Немцы напали на Россию молниеносно, и у моих родителей появилась надежда, что под сокрушительными ударами немецких армий советское правительство долго не продержится и при смене режима они, может быть, смогут после двадцатилетнего изгнания вернуться на родину. (Не называли разве недавно в немецких сводках Армавир и Краснодар – бывший Екатеринодар?) И снова я огорчаюсь, что так далек от них в своих планах на будущее. Для меня возвращение в Россию немыслимо. И тем более невозможно для меня вернуться на родную землю под сенью вражеских знамен. Впрочем, и в желаниях моих родителей еще нет определенности. Они жадно следят по карте за продвижением гитлеровских армий и очень расстраиваются, когда видят в газетах или в кинохронике разрушенные русские города и русских пленных, изможденных, оборванных. Первые победы советских войск наполняют их гордостью. Забыв эгоистические проблемы эмигрантов, они с удивлением замечают, что желают победы стране, которая их отвергла. Они молятся не за правительство – его они не признают, а за народ – его они никогда не переставали любить, они молятся не за сегодняшний Советский Союз, а за вечную Россию.

– Какой была ваша писательская деятельность в эти годы?

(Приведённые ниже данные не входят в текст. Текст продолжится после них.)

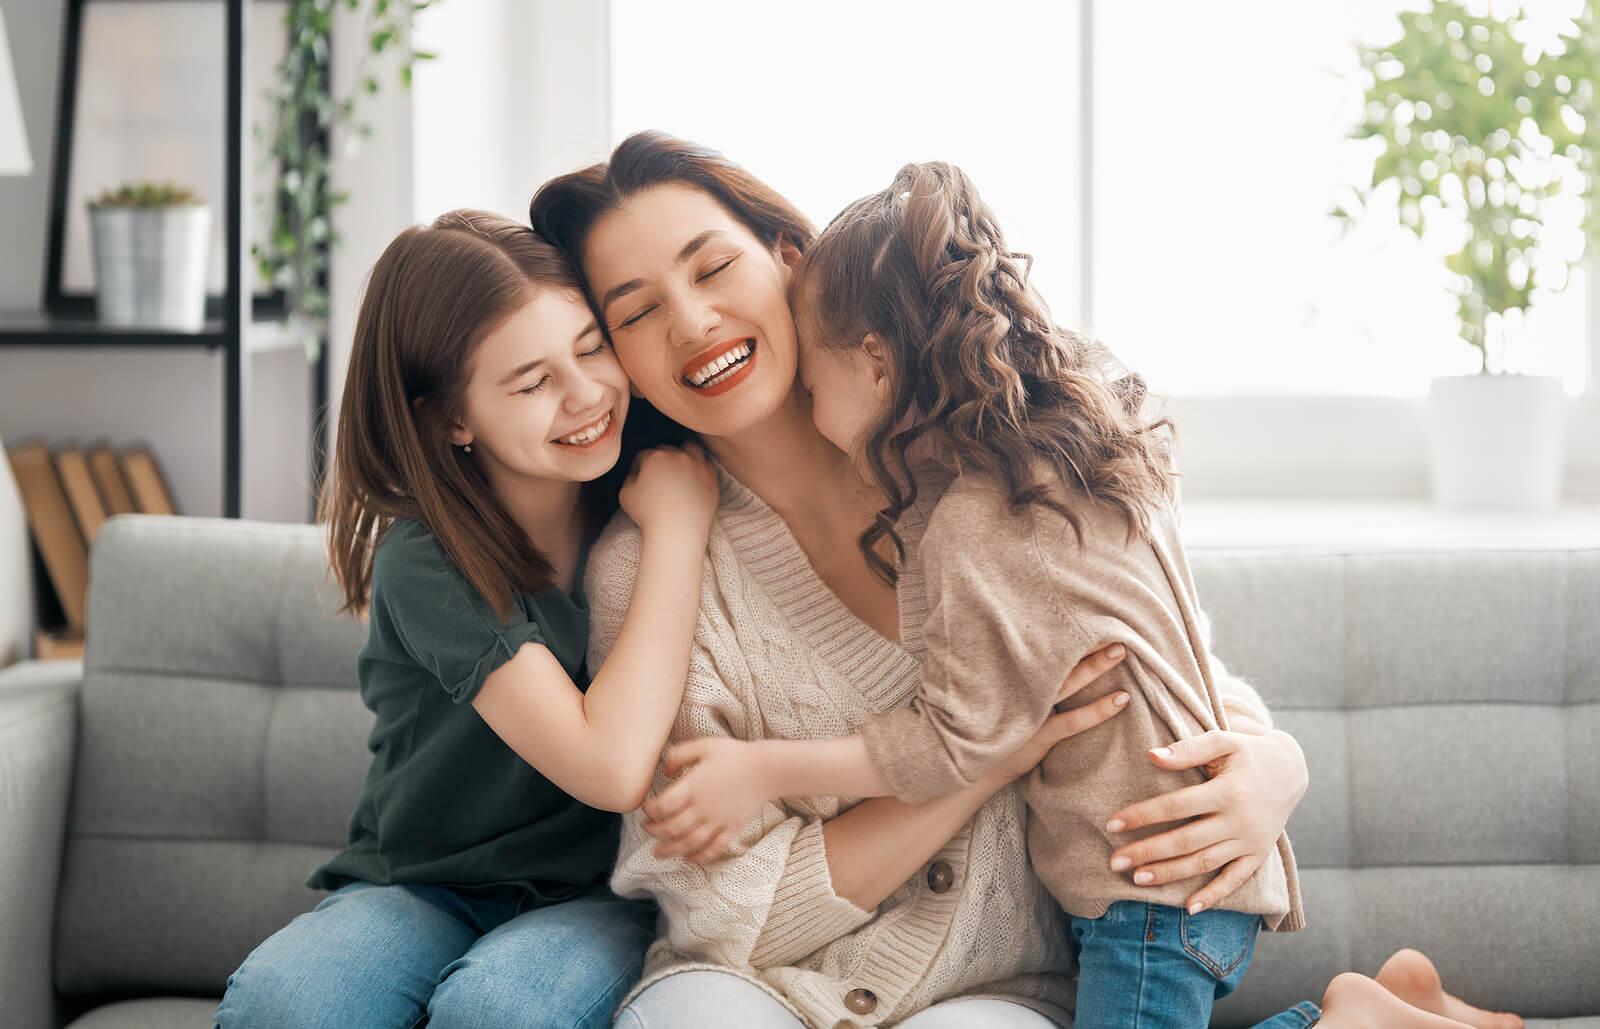 Madre abrazando a sus hijas porque es el tipo de mamá completa.
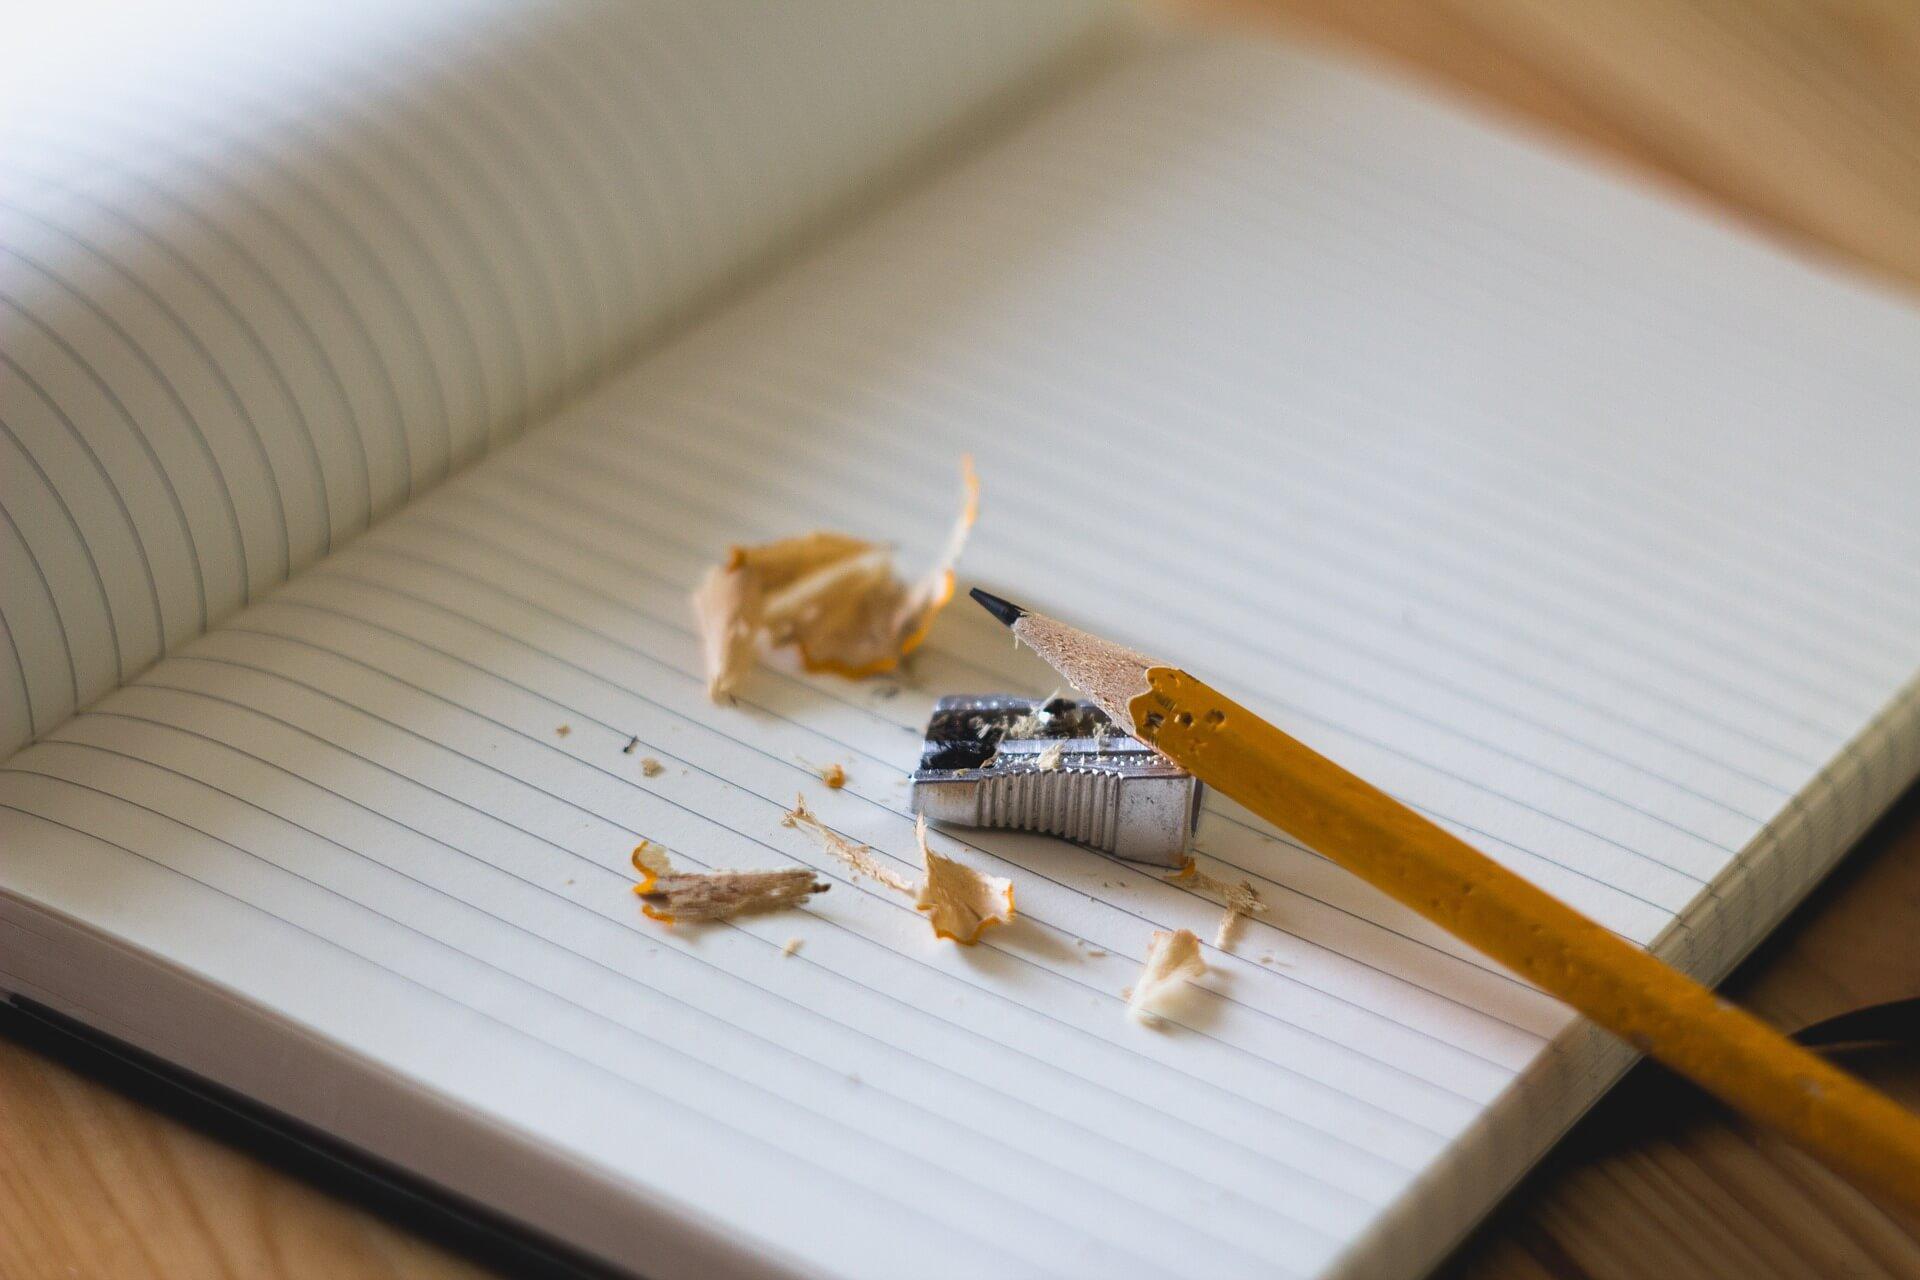 liste fourniture scolaire premiere

– В годы оккупации я выпустил в свет две книги. В 1941 году – сборник из трех легенд под названием «Суд божий». Эти легенды не заимствованы ни из русского, ни из французского фольклора. Целиком плод моей фантазии, они были для меня бегством от действительности в минувшие эпохи, вторжением фантастического в вязкое течение повседневности, торжеством чудесного. Совсем иным был тон романа «Мертвый хватает живого», появившегося в следующем году.

– Да, этот роман считался как бы подтверждением правоты тех в Советском Союзе, кто утверждает, будто Михаил Шолохов совершил плагиат, приписав себе авторство «Тихого Дона». Вымышлена ли рассказанная в романе история бесчестного писателя или она имеет какие-то корни в реальности?

– История эта вымышлена, но в основе ее лежит подлинный случай. Мой друг детства Володя Былинин был убит на войне, и его жена дала мне посмотреть записную книжку, куда он заносил свои мысли. Всю ночь я с волнением ее читал и вернул на следующий день. И уже независимо от меня моя мысль заработала. Вдруг словно что-то щелкнуло: мне представился писатель-неудачник, женившийся на вдове никому не ведомого гения. В бумагах покойного он находит рукопись романа и публикует ее под своим именем. Рождается драма. В душе героя борются, сменяя друг друга, противоречивые чувства: тайное наслаждение участника, горькая радость украденной славы, страх не оправдать собственными произведениями репутацию, ему не принадлежащую, страстное желание перевоплотиться в мертвого, труд которого он присвоил. Затем происходит медленное порабощение всего его существа призраком умершего, раздвоение, расщепление личности героя и, наконец, очищение искупительной жертвой. Рассказ построен в форме дневника плагиатора.

– Считаете ли вы, что ваши первые романы, короткие и камерные, ставят вас в ту категорию романистов, к которой принадлежат Жюльен Грин и Франсуа Мориак?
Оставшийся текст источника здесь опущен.